Mitigation: Stratified performance metrics are published transparently (see Performance Across Skin Types). Active dataset diversification is ongoing through targeted data sourcing (DDI, SkinDeep, Full Spectrum Dermatology) and post-market clinical follow-up (PMCF) monitoring. All Fitzpatrick groups currently exceed minimum acceptance thresholds.

Subjective ground truth

The reference standard for severity scoring is the mathematical consensus of multiple expert dermatologists — not an objective measurement. The AI cannot be “more correct” than the experts it was trained against.

Mitigation: This is not a limitation of the AI specifically, but of the clinical assessment itself. The same constraint applies to any human rater. The consensus of 2–3 independent experts is the best available approximation of truth and the same standard used by the FDA and EMA for reference standards in dermatology clinical trials. The AI matching this consensus represents the realistic ceiling of performance.

Model version specificity

All performance metrics reported in this documentation apply to a specific validated model version. Model updates — including retraining, architecture changes, or threshold adjustments — require full re-validation per IEC 62304 before deployment.

Mitigation: The model version is locked at study initiation. No mid-study model updates occur. This ensures that every patient in a trial is scored by the same model, preserving endpoint integrity throughout the study.

Decision support, not autonomous diagnosis

The system provides severity scoring to support clinical decisions. It does not replace clinical judgement, and it does not make autonomous diagnostic or treatment decisions. All AI-generated scores should be interpreted by qualified healthcare professionals within the context of the patient’s overall clinical presentation.

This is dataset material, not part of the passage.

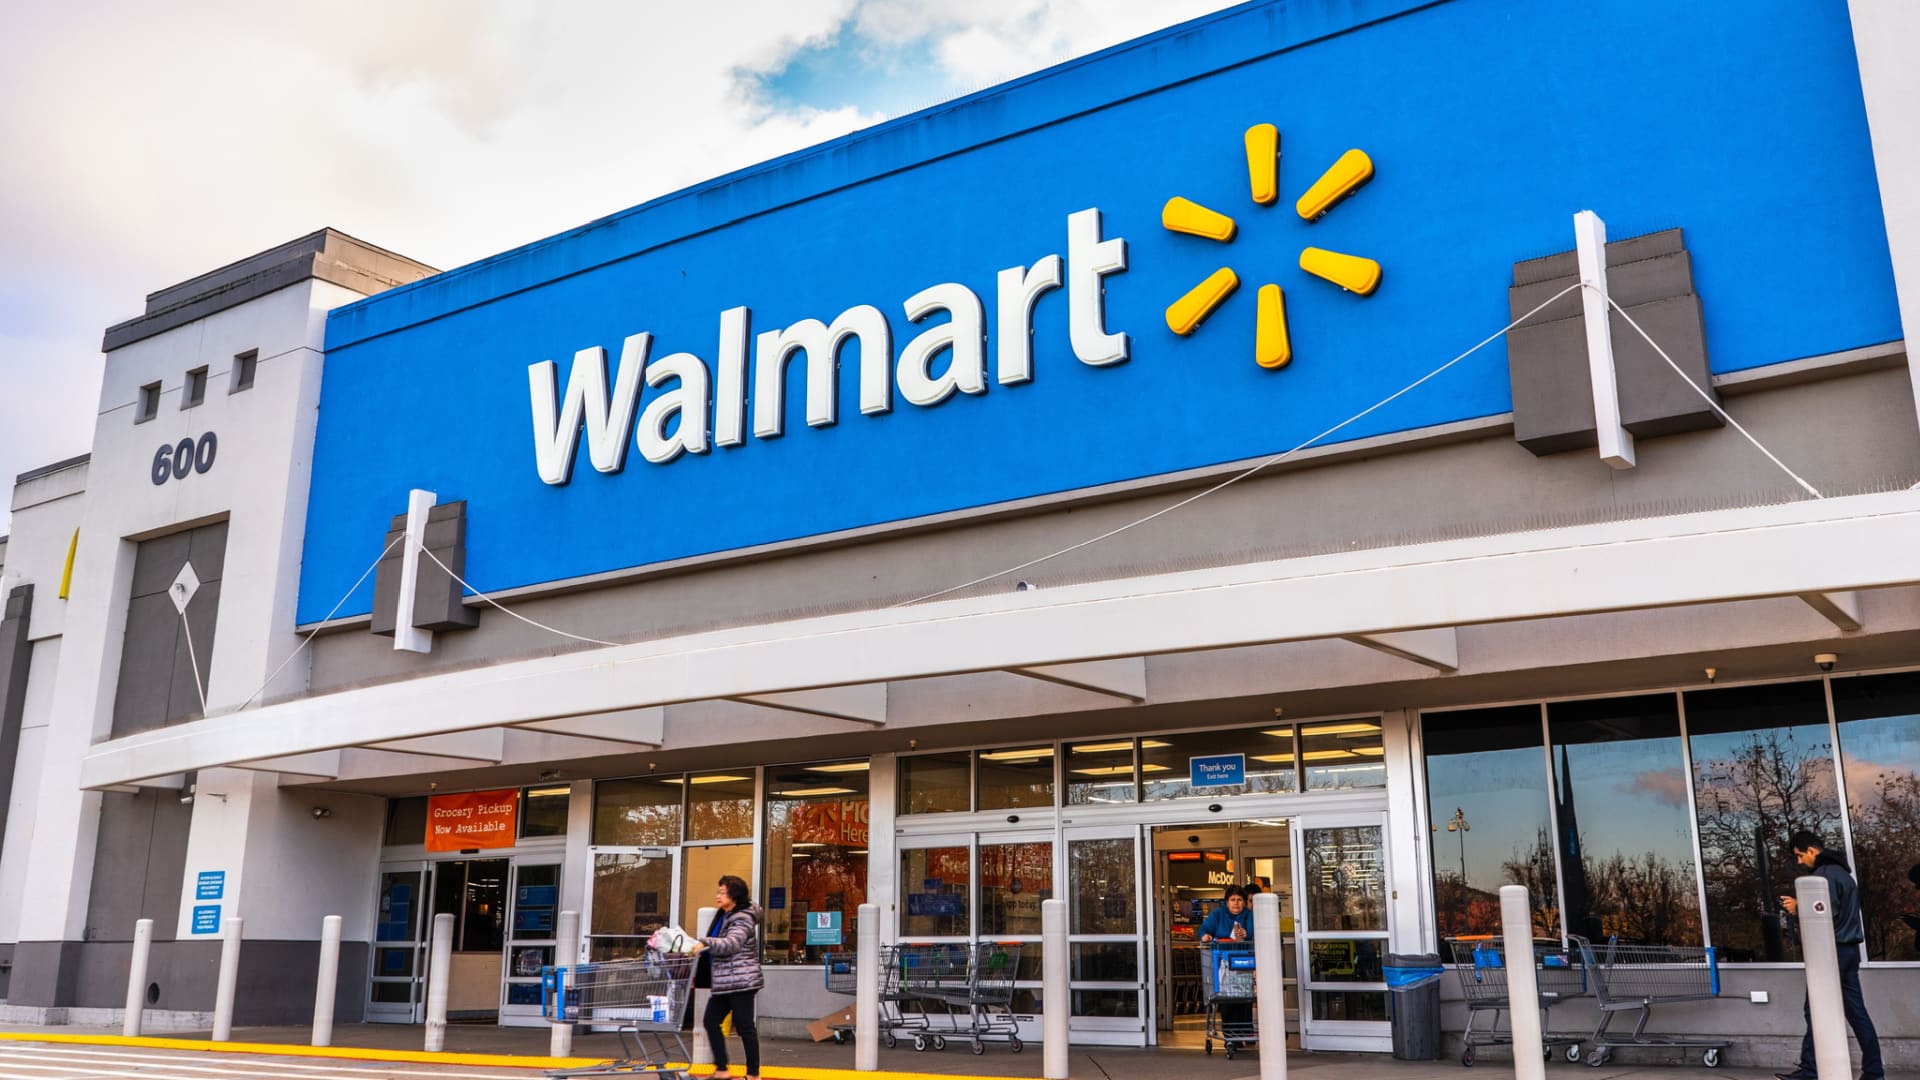 Walmart is expanding their self-service Marketplace platform

How limitations are managed

All limitations documented on this page are tracked within the formal risk management process (ISO 14971) and the software development lifecycle (IEC 62304). Each limitation has been assessed for clinical risk, and mitigations have been implemented where the residual risk is not already acceptable.

The post-market clinical follow-up (PMCF) programme under MDR Annex XIV continuously monitors real-world performance. Any new limitation identified through post-market surveillance triggers a formal risk assessment and, if necessary, corrective action.